Шестого апреля, ровно через четыре дня после отъезда Агари, посетители кафе Дивизио около одиннадцати часов заметили вошедшего Кохбаса.
Он заказал пива, посидел около часа и затем ушел, сгорбившись еще более, чем обычно.
Громкий смех провожал его.
— Бедняга, — заметил Трумбетта. — Он думал, что танцовщица все еще здесь. Она даже открыткой не предупредила его о своем отъезде. Все же она была славной, эта малютка Жессика.
В полдень следующего дня Кохбас только приступил к перекличке прибывших, как вдруг пальцы его задрожали и он чуть не выронил бумагу…
Он увидел Агарь, как и в первый раз, она стояла у самой двери павильона. На ней было дорожное пальто и в руках маленький чемодан.
— Вы? Вы здесь, — пробормотал Кохбас. — А я думал, что вы уехали.
Она отрицательно покачала головой:
— Я остаюсь, Кохбас!
И так как он, застыв точно в столбняке, все еще безмолвно глядел на нее, она прибавила:
— У вас, наверно, найдется место для меня в ‘Колодезе Иакова’ или же в какой-нибудь другой колонии?

V

Около часа автобус, развозивший по колониям эмигрантов, тронулся в путь. Но не успели проехать и ста метров, как машина испортилась и пришлось остановиться. Поломка оказалась очень сложной. Шофер должен был прибегнуть к помощи механика. Только после двух поехали дальше.

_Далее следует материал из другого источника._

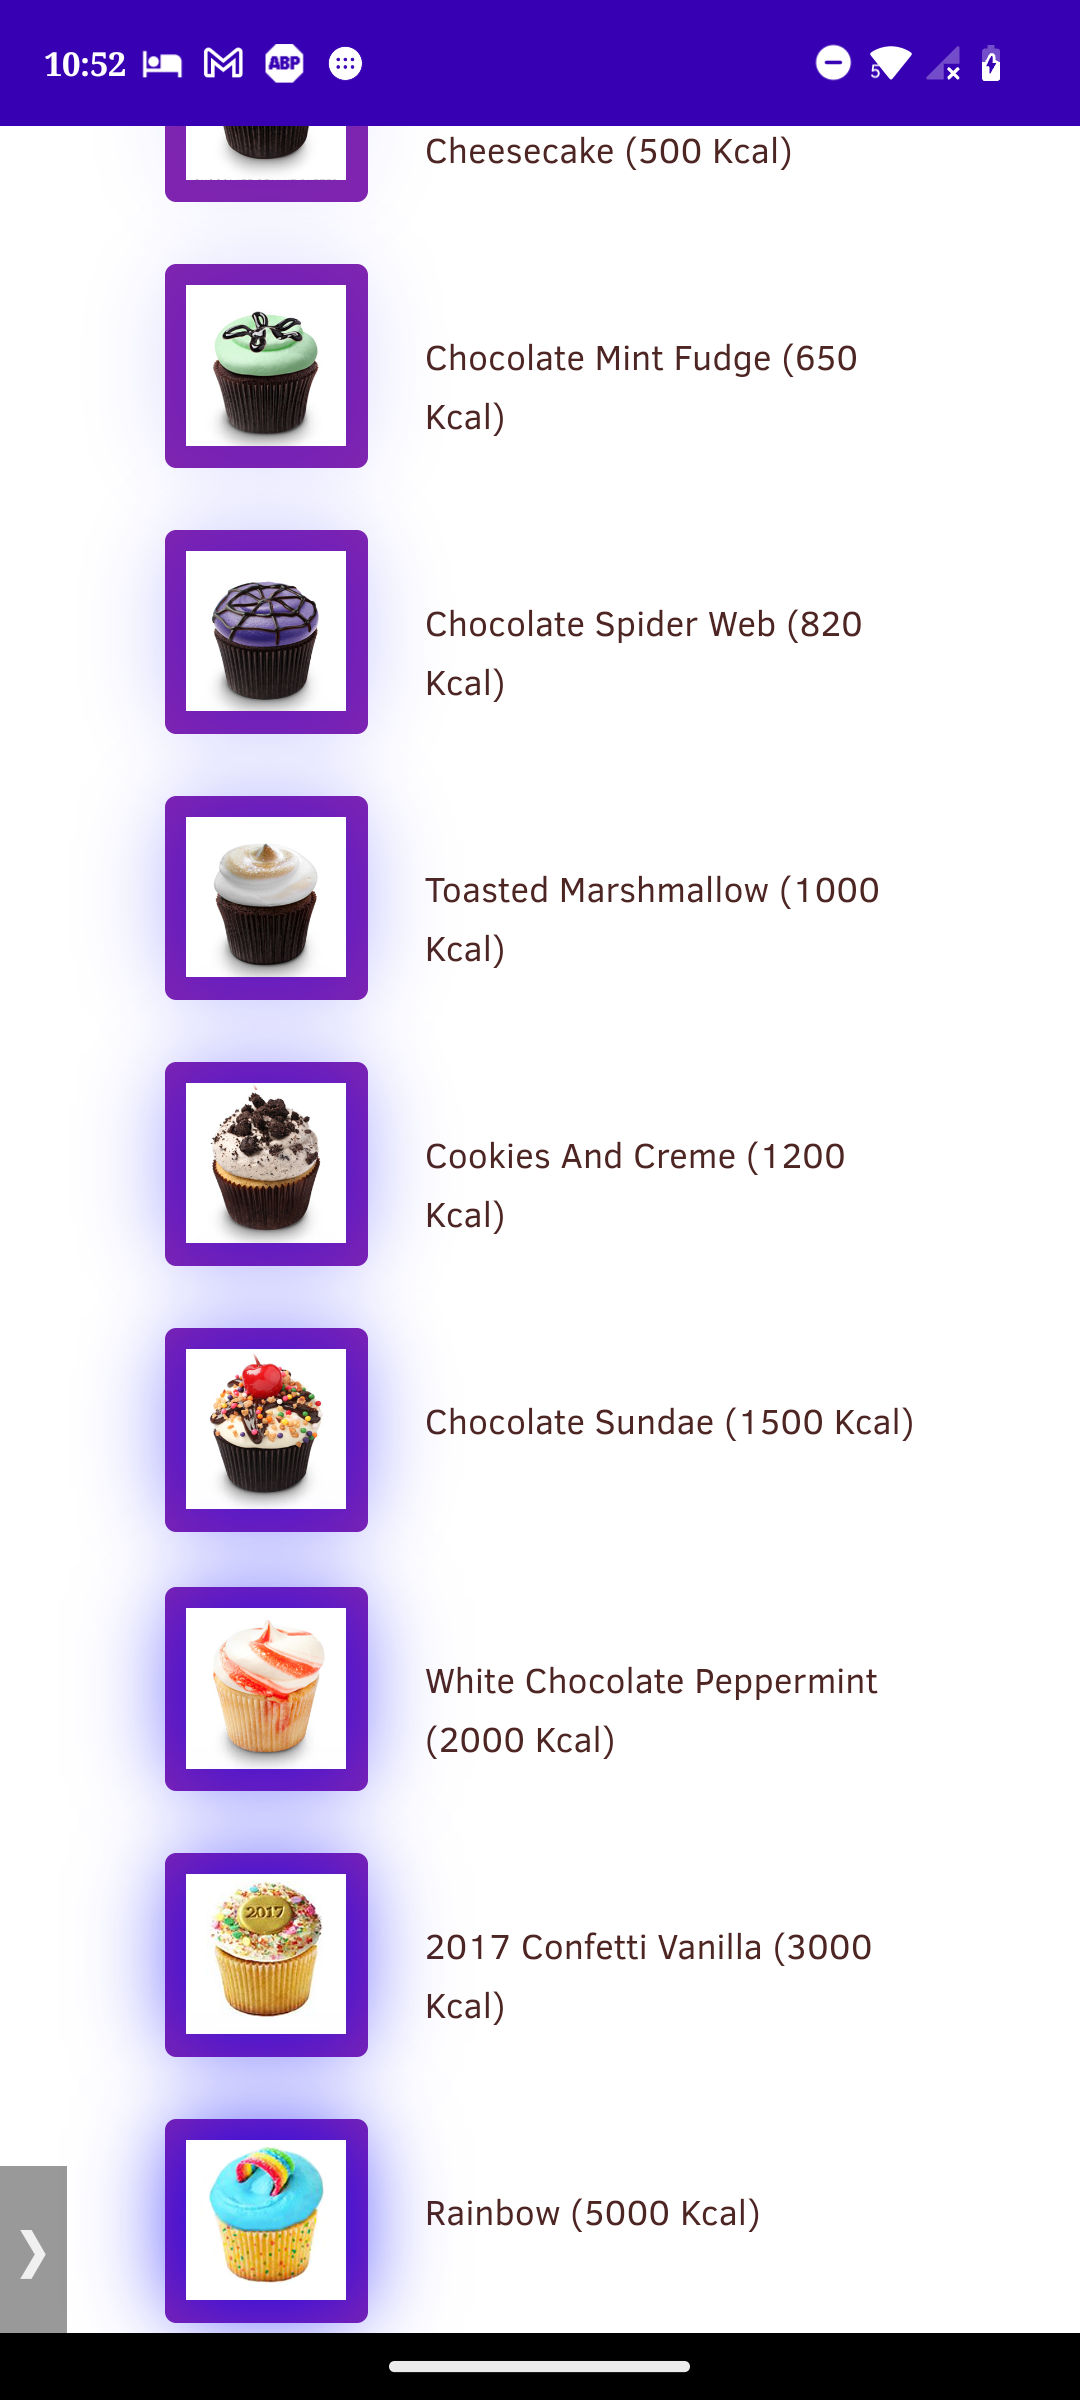 2048 cup cakes – Apps on Google Play

Прибывших было восемь. Все они, большей частью бессарабские евреи, сидели с таким испуганным видом, точно только что спаслись от погрома.
Ошеломленный внезапным появлением Агари, Исаак Кохбас опомнился только после поломки машины и предложил молодой женщине место в своем, немедленно вызванном автомобиле.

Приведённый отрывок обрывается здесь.